An intimidating 6-foot-6, 235-pound right fielder with a sweet swing and powerful arm, there was nothing Parker couldn’t do on the baseball diamond during his prime. He epitomized the term “five-tool player.” In a 1978 poll of general managers, he was selected as the best player in the game.
However, after 11 years on the Baseball Writers’ Association of America’s Hall of Fame ballot, the man known as “The Cobra” is still waiting for the writers to punch his ticket to Cooperstown. His highest vote total percentage was 24.5 percent in 1998, and Parker garnered 14.4 percent of the total on the most recent ballot.
A candidate must get 75 percent of the vote to gain election. Results of the 2007 BBWAA Hall of Fame election will be announced Jan. 9, and the induction ceremony will take place on July 29 in Cooperstown.
“Parker gave 100 percent effort in every inning of every game that he played,” said Chuck Tanner, who was Pittsburgh’s manager from 1977-85. “He was one of the greatest I ever managed and one of the greatest who ever played, in my opinion. He has Hall of Fame credentials.”
An assortment of injuries significantly reduced Parker’s production from 1980-83. During that four-year stretch, Parker batted .280 with an average of just 11 home runs and 56 RBIs per season.
“I wasn’t quite myself as a player,” said Parker. “There were times when I shouldn’t have been out there at all. But [former Pirates teammate Willie] Stargell impressed upon me to be a star and a leader. He said, ‘Seventy-five or 80 percent of you is better than 100 percent of someone else.’ I made those sacrifices because that’s what I was taught. Willie emphasized that to me as a young player and I believed it.
“There were a couple of years where my numbers probably weren’t what they should have been,” Parker added. “But for the majority of those 10 years, from 1975 to ‘80, I was probably the best player in the game.”
Despite being embroiled in the highly publicized drug trial that rocked the baseball world, Parker turned his career back around after signing a free-agent contract with his hometown Cincinnati Reds in 1984. Parker led the NL in RBIs and total bases in 1985 and finished as the runner-up to St.

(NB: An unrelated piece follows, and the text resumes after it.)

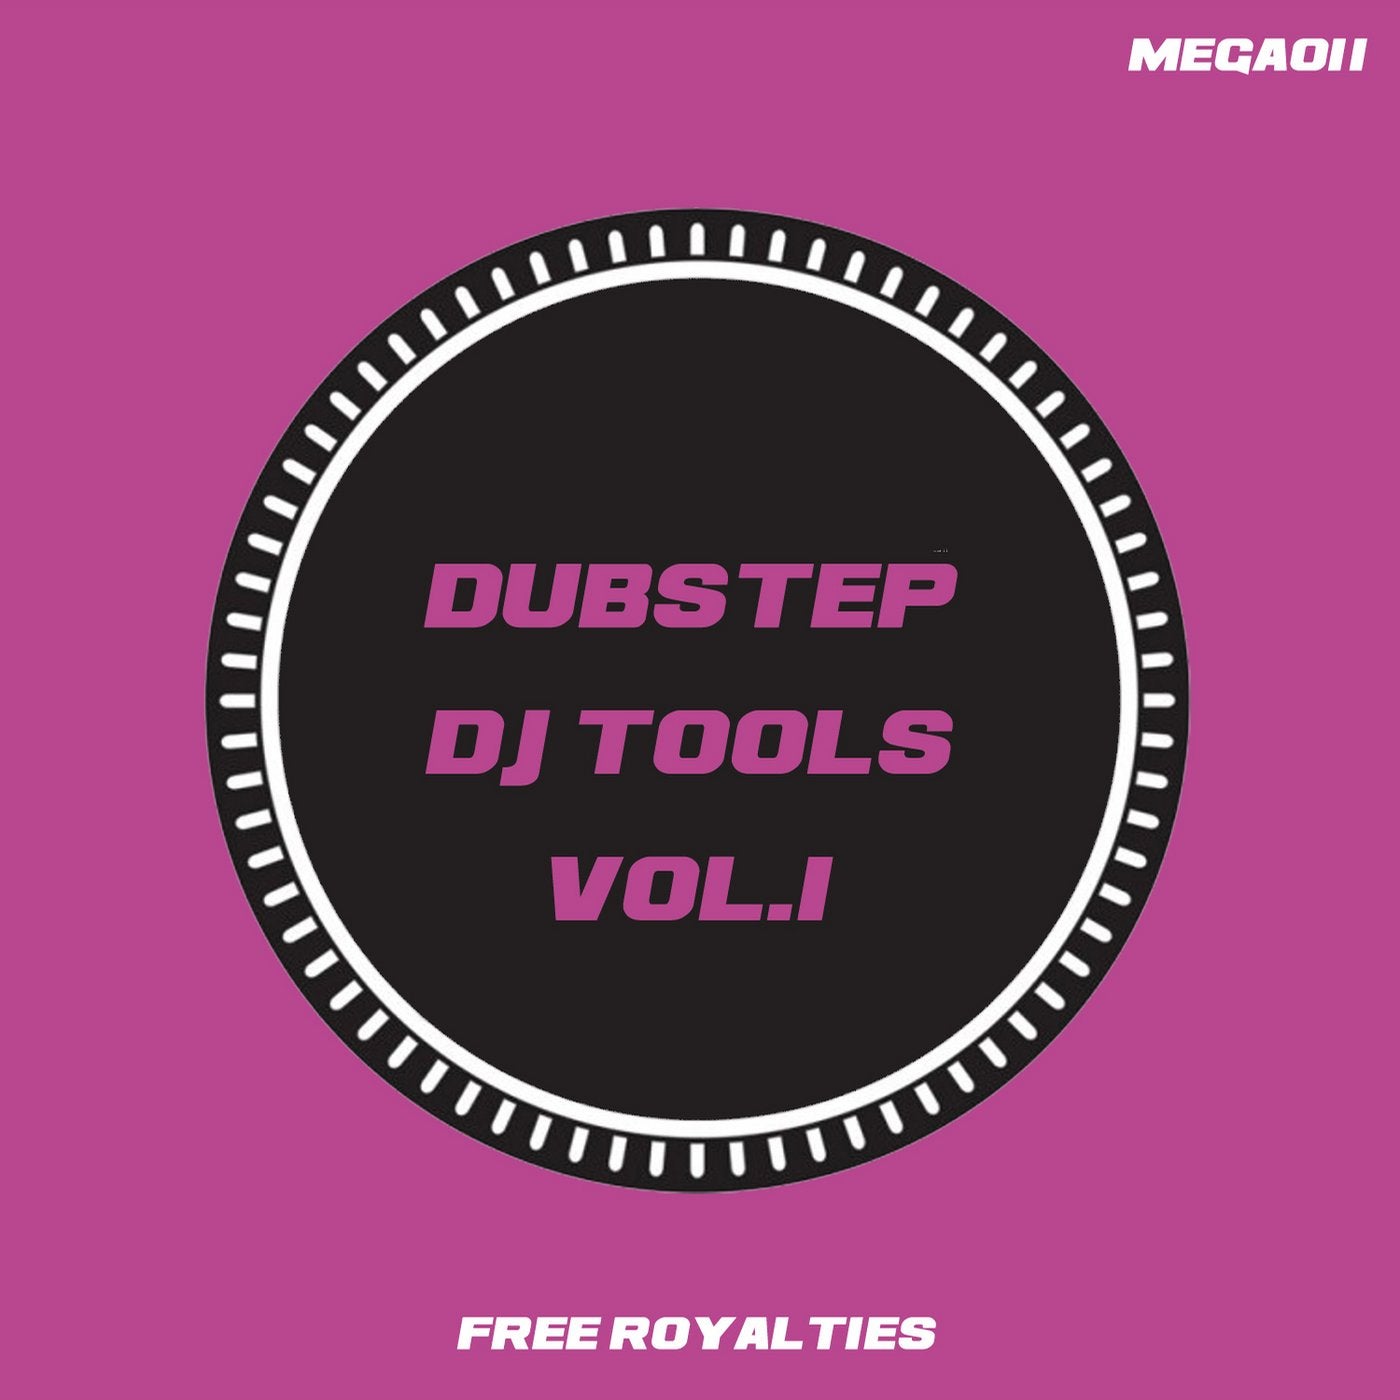 Dubstep DJ Tools Vol.1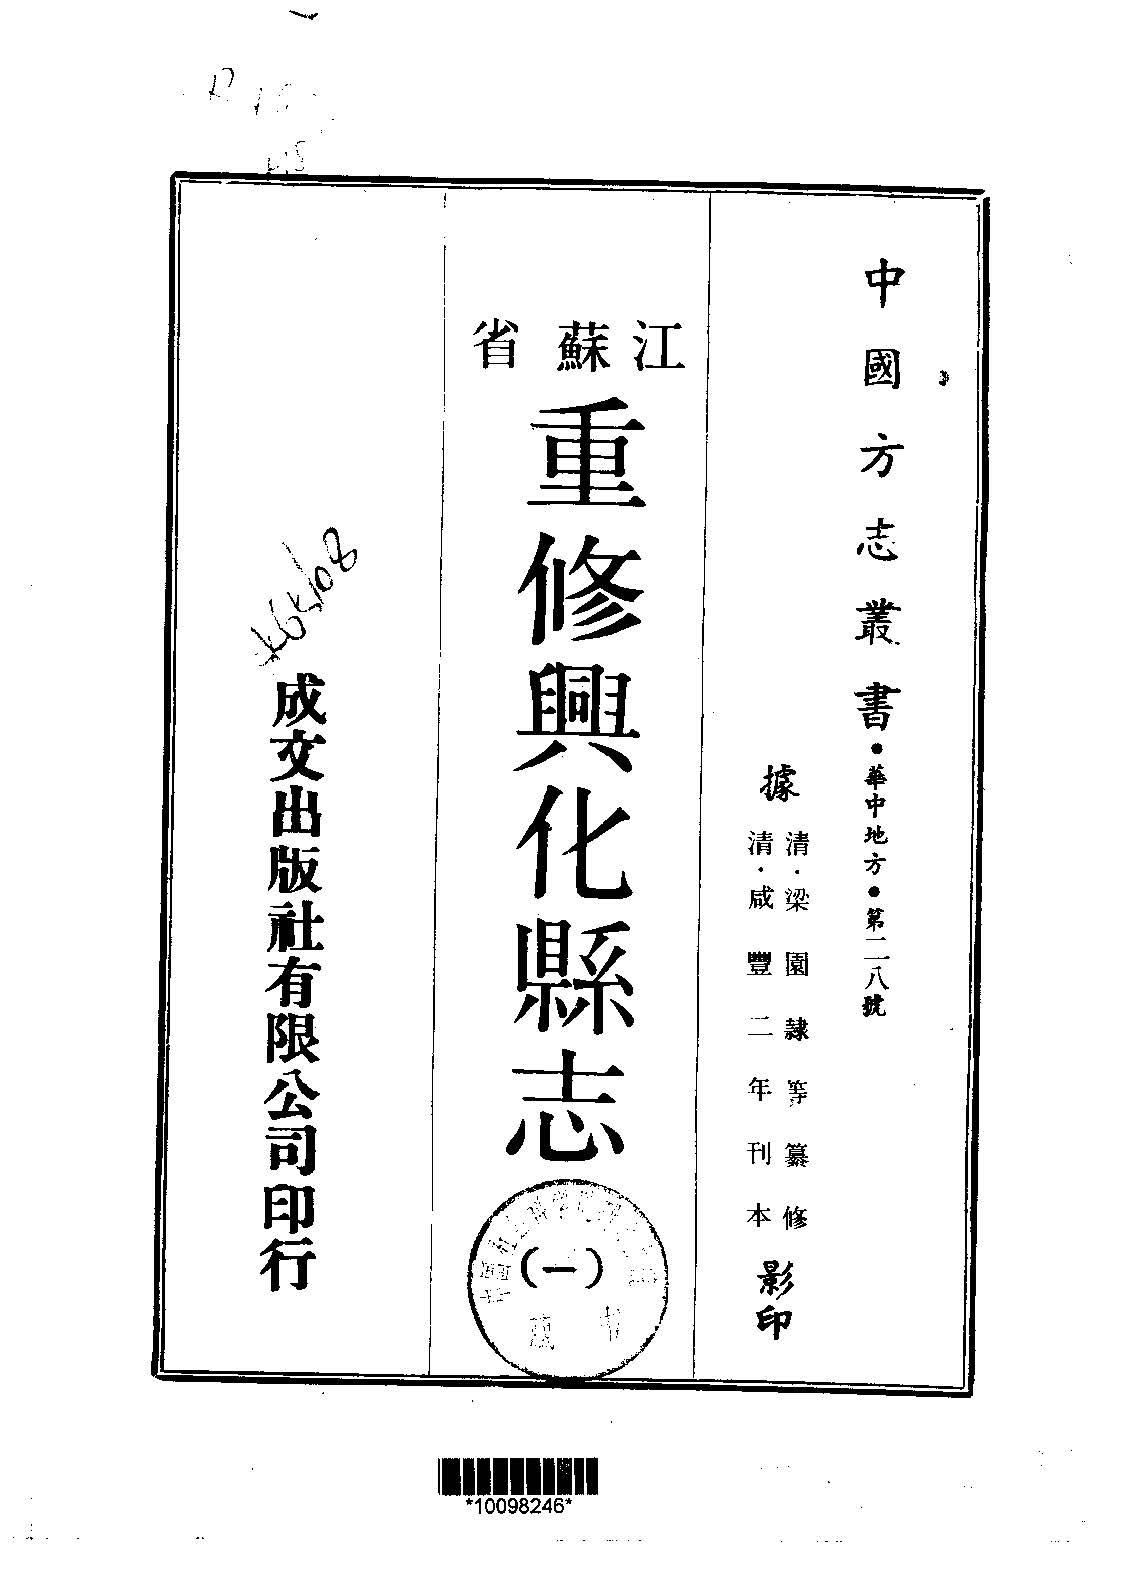 重修兴化县志的书籍封面

Louis’ Willie McGee in the NL MVP race that season.
Parker later went on to serve as an important cog on the Oakland A’s 1988 American League championship and 1989 World Series championship teams and appeared in the 1990 All-Star Game as a member of the Milwaukee Brewers.
“I won two batting titles, should have won two MVPs, was in three World Series, was the MVP of the All-Star Game, DH of the Year twice, and won the RBI crown,” Parker said. “I did everything that you could possibly do in baseball and I’m not in the Hall?
“I should be in the Hall of Fame,” he said. “Ain’t no doubt about it.”
Good luck to Dave Parker, may the 12th year be the charm for the Hall of Fame.